For decades, it has had the highest divorce rate in America.
That the state is a divorce hub isn’t surprising considering divorce was one of the industries that put Nevada on the map. From the 1930s to the early 1960s, Nevada was the go-to state for quick and easy marriage dissolution.
In 1931 (the same year gambling was legalized), as a way to boost the local economy during the Great Depression, state lawmakers approved a bill that allowed essentially anyone to get a divorce as long as they lived in the state for six weeks.
Technically, Nevada offered nine grounds for divorce — impotency, adultery, desertion, conviction of a felony, habitual drunkenness, neglect to provide the common necessities of life, insanity, living apart for three years, and extreme mental cruelty — but officials required no proof. Many other states limited divorce to victims of adultery or outlawed it entirely and had yearlong residency requirements.
As a result, men and women from across the country flocked here to live on dude ranches for six weeks to bide their time until they could divorce. Historians estimate the divorce trade pumped $5 million a year into the local economy in the early days of the ranches.
A spouse may obtain a divorce in Nevada if he or she has at least one of three statutory causes:
2. Insanity for at least two years
3. Spouses have lived separately for more than a year
Nevada is a community property state, meaning income earned by either spouse during the marriage and all property bought with those earnings are considered equally owned. In a divorce, the property is split equally.
Nevada is also a “pure no fault” jurisdiction, meaning infidelity or other
bad behavior is irrelevant to divorce proceedings.
Joint petitions are the easier method, as they are used when both spouses agree on all issues, including custody of children, child support, alimony and how to divide property and debts.

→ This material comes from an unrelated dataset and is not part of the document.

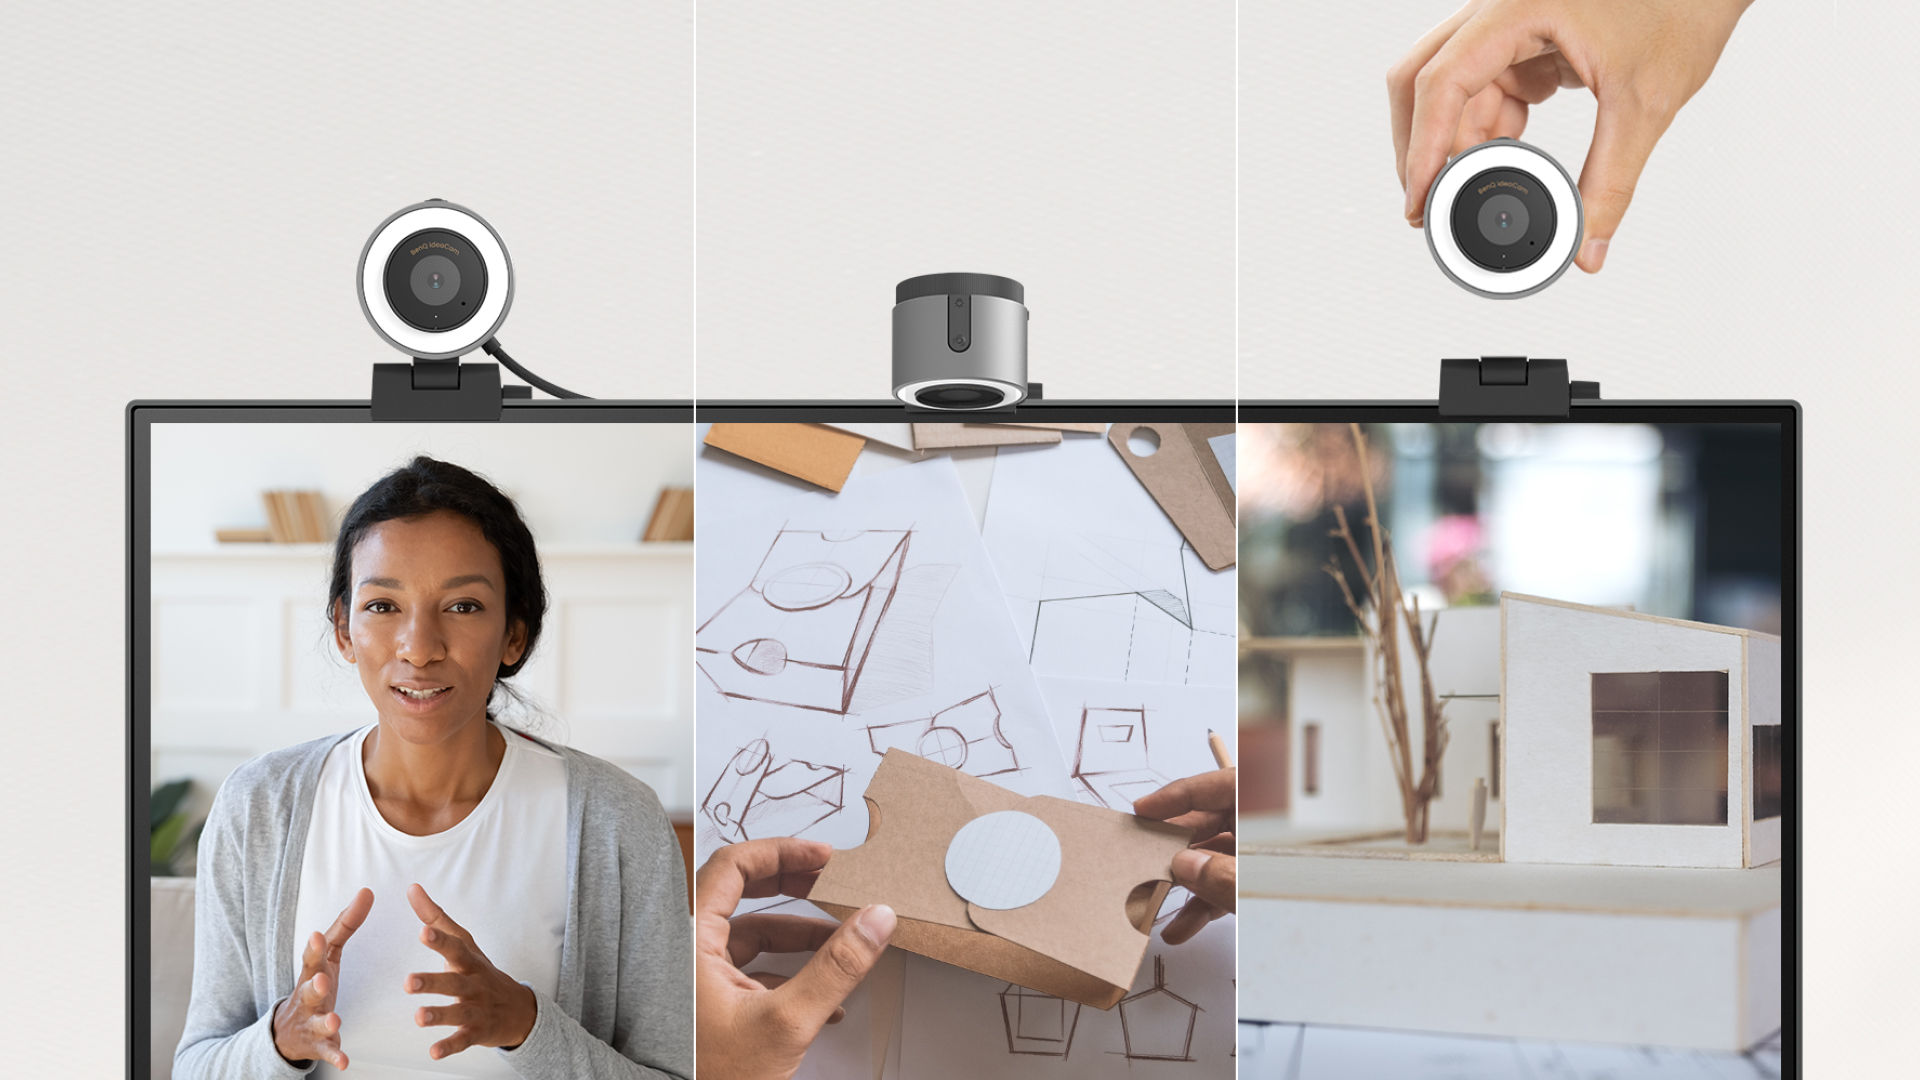 All-In-One Webcam Seamless Switch to Document Camera

Both spouses must sign the joint petition, then file it in Family Court. Judges typically sign the decree without a hearing because nothing is disputed.
Complaint for divorce
If you are ready to file for divorce but your spouse isn’t willing to sign the papers, you can file for divorce by yourself.
You must fill out a complaint that outlines what you want from the divorce, such as custody of children and/or alimony. The person who files is the plaintiff; his or her spouse is the defendant.
Once the complaint is filed, the plaintiff must notify the defendant of the case by serving him or her paperwork. The defendant then has 20 days to answer the complaint.
Both parties are prohibited from selling community property, moving children out of state or harassing one another as the divorce case proceeds. Financial disclosures also must be filed.
Once the paperwork is complete, a judge typically sets a hearing date. Mediation for parents who can’t agree on custody or visitation also is common.
The judge also can issue temporary orders outlining where children live, child support or alimony payments and other logistics until the divorce case is settled.
The filing fee in Nevada for both types of divorce is $289.